Mis en ligne le 03/08/2007
On l'attendait avec une certaine fébrilité, cette première réelle confrontation communautaire entre partis de la future - et probable - majorité Orange bleue. Ce jeudi matin, les journalistes étaient d'ailleurs venus en nombre devant les grilles du château de Val Duchesse où se négocie la formation du prochain gouvernement. Ils voulaient sentir l'humeur des protagonistes. C'est que la veille, des mots durs avaient été échangés entre négociateurs francophones et flamands au cours d'une réunion - qualifiée de technique - sur l'éventualité d'une scission de l'arrondissement judiciaire de Bruxelles-Hal-Vilvorde. Le MR et le CDH s'étaient senti roulés par Yves Leterme, accusé de jouer sur les mots et sur leur traduction pour faire passer des réformes institutionnelles en douce. Un épisode qui, de toute évidence, avait mis les négociateurs francophones sur leur garde. A leur arrivée à Val Duchesse hier matin, il ne fallait pas beaucoup les pousser pour qu'ils fassent étalage de leur état d'âme chagrin.
Au menu de la discussion du jour ? Une note du formateur qui reprend, en les détaillant, les 14 propositions de réforme institutionnelle contenues dans la note de formation initiale et qui ne requiert en principe pas une majorité des deux tiers au Parlement. Les négociateurs n'ont donc pas abordé les demandes communautaires qui exigent une majorité spéciale ni la problématique de l'arrondissement de Bruxelles-Hal-Vilvorde ni les exigences supplémentaires que les partis flamands ont déposées auprès du formateur.
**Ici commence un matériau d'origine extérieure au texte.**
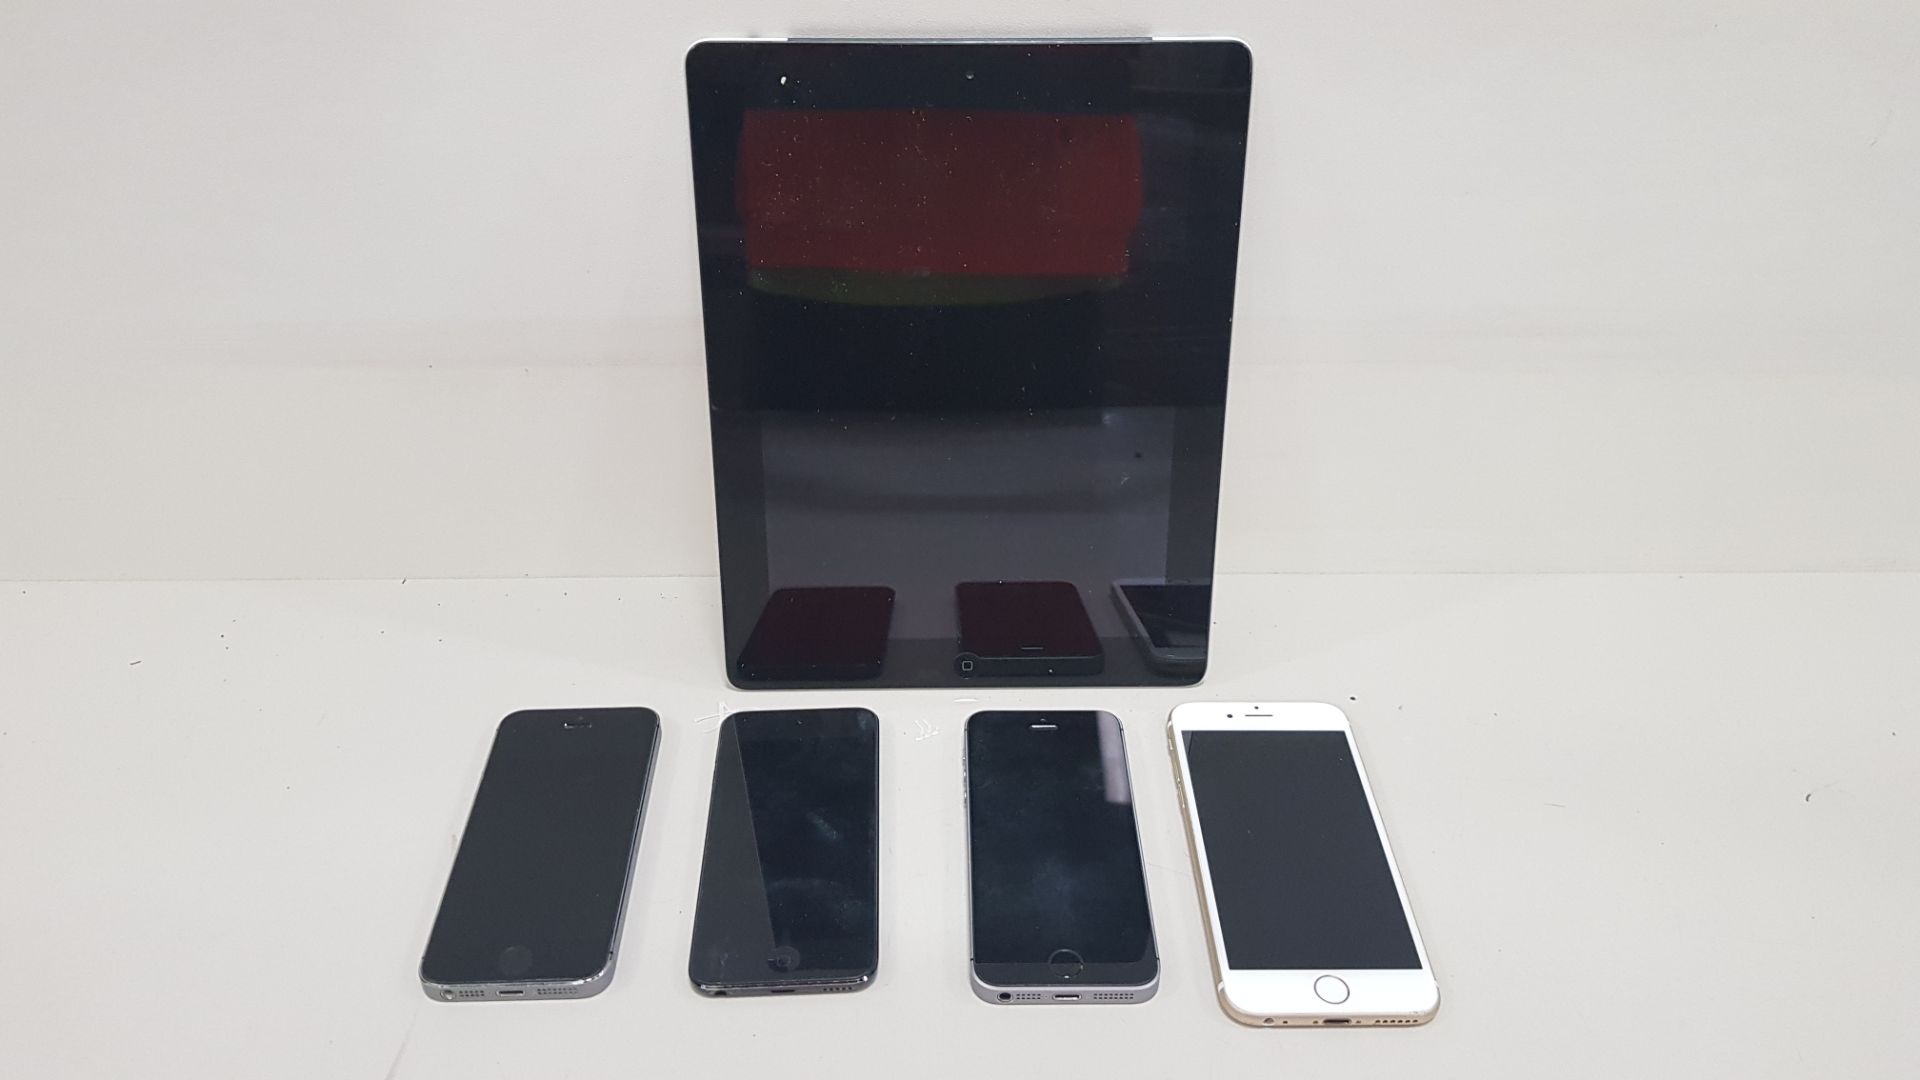 1 X APPLE IPAD TABLET, 1 X IPOD TOUCH 6TH GEN, 1 X IPHONE 6 AND 2 X IPHONE 5 ALL FOR SPARES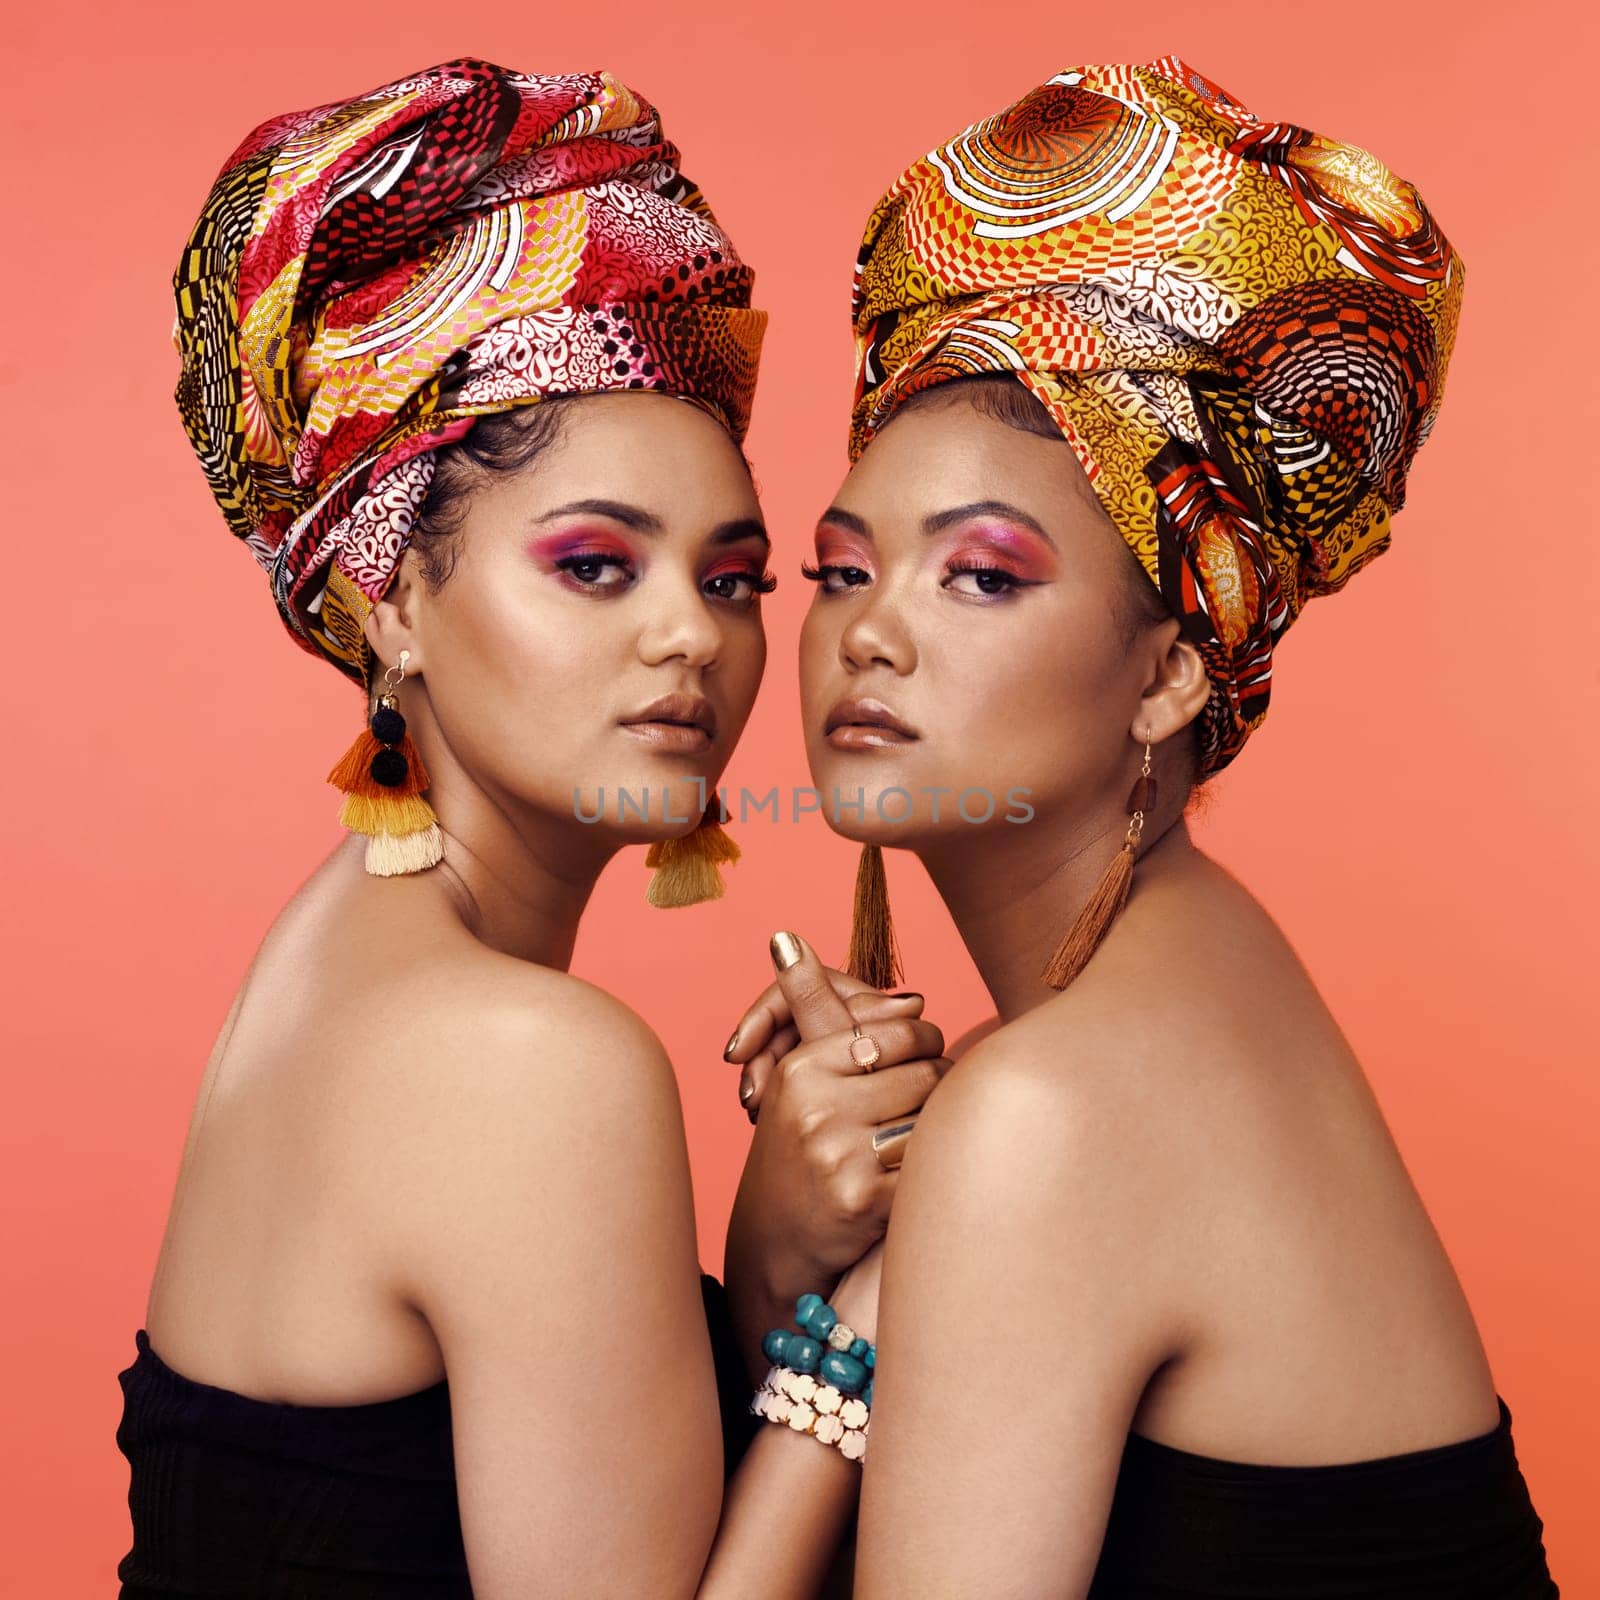 African fashion, makeup and portrait of women on orange background with accessory, makeup and beauty. Glamour, luxury and female people in exotic jewelry, traditional style and head scarf in studio.

Comptabiliser les obstacles
La réunion de ce jeudi devait servir à identifier les suggestions qui peuvent faire l'objet d'un consensus et celles que les francophones jugent imbuvables (lire page 4). Elle s'est traînée comme un vieux tortillard de montagne. Les partis francophones ont commencé par répéter qu'ils n'étaient demandeurs de rien et qu'il ne fallait pas espérer une réforme institutionnelle de grande ampleur dans la mesure où l'orange bleue ne dispose pas d'une majorité des deux tiers au Parlement.
Et puis, surprise, dans la soirée, c'est un formateur presque détendu qui est apparu devant les grilles de Val Duchesse - quelques minutes avant de se rendre auprès du Roi pour faire état de sa mission de formation. "On avance pas à pas, relevait Yves Leterme. On travaille de manière courtoise". Et les francophones, comment juge-t-il leur attitude ? "Courtoise"... N'essayez pas, vous ne tirerez pas davantage de l'ex ministre-président flamand. Ah, si : "Je suis optimiste". Arrive l'Open VLD Patrick Dewael. De la fenêtre de sa limousine, il glisse : "Je ne veux pas dire que la discussion a été amicale, les francophones refusent de nombreux points. Mais le ton reste correct. Allez, termine-t-il , je suis optimiste".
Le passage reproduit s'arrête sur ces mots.